Government on Thursday relented to local and international pressure to withdraw a controversial bill criminalising defamation.

The ‘Defamation and Freedom of Expression Act’ was submitted by the ruling Progressive Party of Maldives (PPM) Parliamentary Group leader MP Ahmed Nihan in March that sparked a public outcry with local media dubbing the bill as the "death of free media and speech in the Maldives."

The draft law, prescribes hefty fines of between MVR50, 000 (US$3,200) and MVR5 million (US$324,000) as penalties for violations, with offenders who fail to pay the court-imposed fine will face a one-year jail term.

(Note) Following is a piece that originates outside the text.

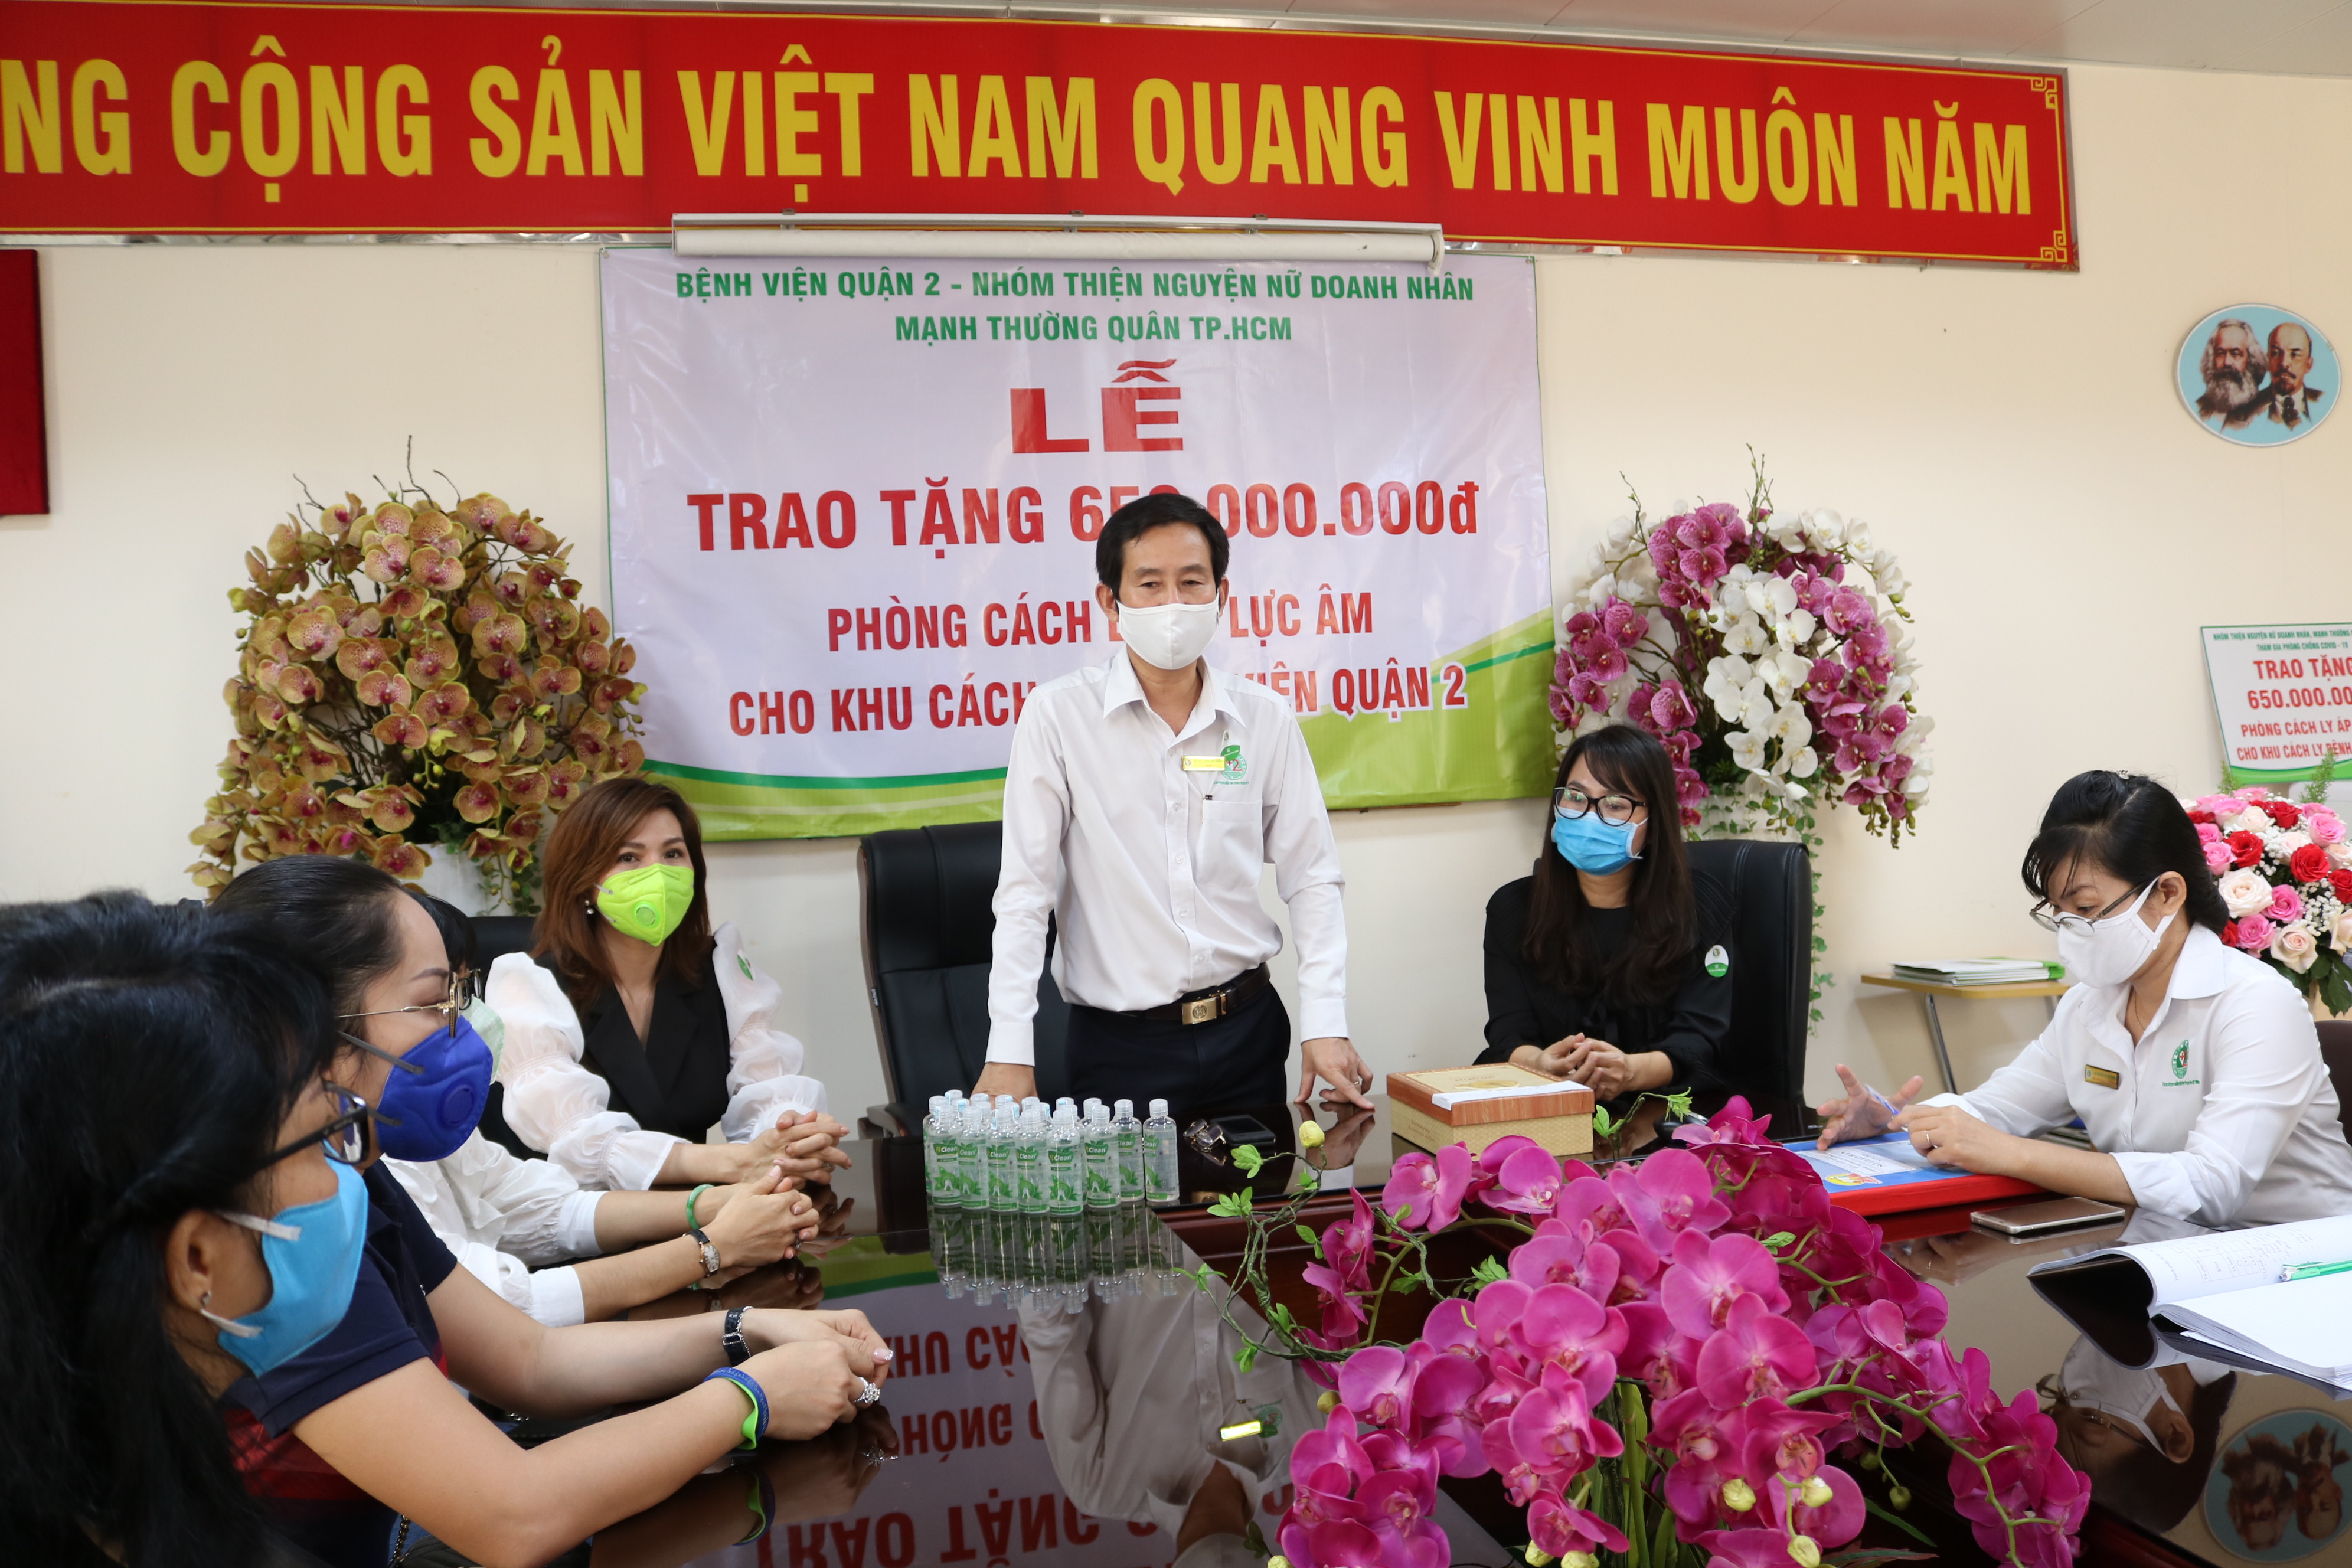 Bác sĩ Trần Văn Khanh, giám đốc Bệnh viện quận 2 bày tỏ cảm kích trước nghĩa cử của các chị và chia sẻ về quy trình lắp đặt phòng cách ly áp lực âm. 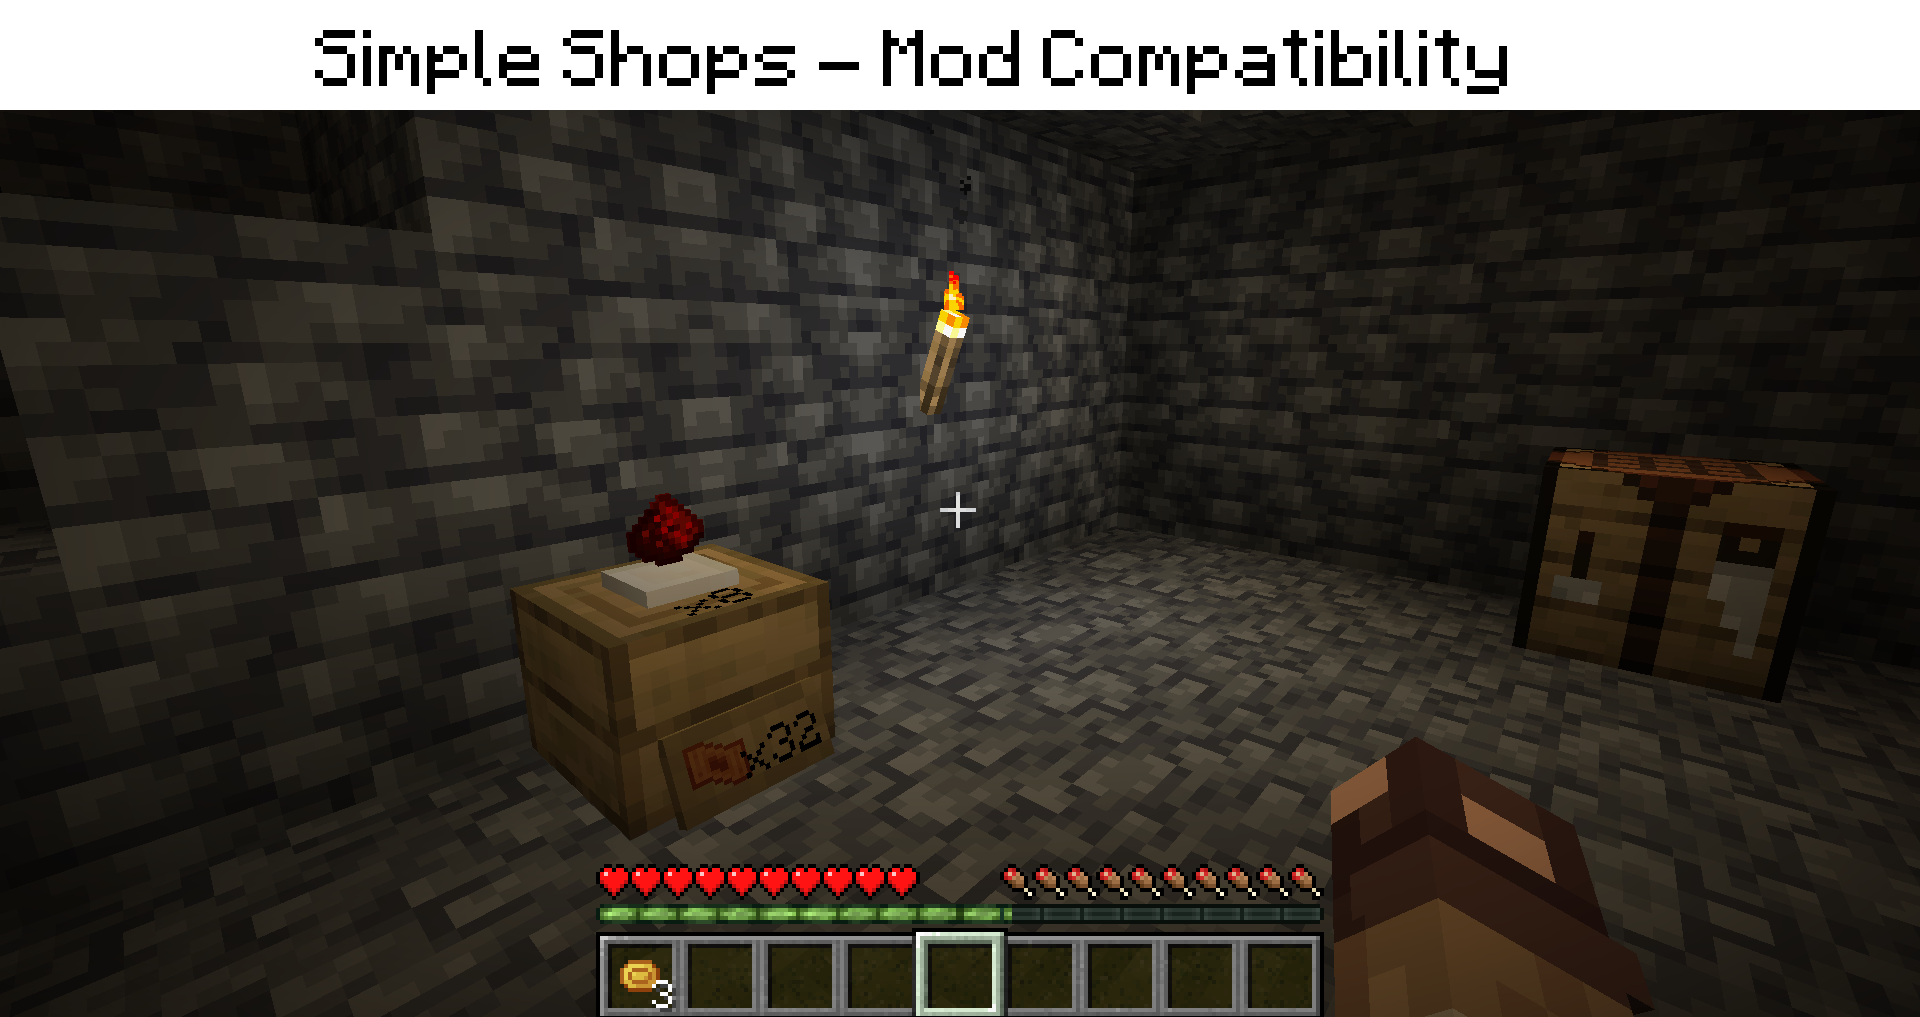 (Simple Shops - Mod Compatibility)

Newspapers and websites that publish “defamatory content” may also have their licenses revoked, while the draft law says that the constitutional right to freedom of speech can be narrowed or restricted if an expression contradicts a tenet of Islam, threatens national security, defames or causes damage to an individual, or violates societal norms.

Local media also lambasted the government by pointing out that the bill will ‘’prevent journalists and citizens from speaking out over serious accusations of corruption and the integrity of state officials’.

The Villi-Maafannu MP Nihan told Mihaaru that the government had decided to withdraw the bill and submit a more "media friendly" bill instead.

"I proposed a really strong bill. So instead of chopping it up, I decided to withdraw the bill," Nihan said.

Nihan said the new bill being drafted would enable much more room for freedom of speech and media.

He however, did not give any details of the new draft bill.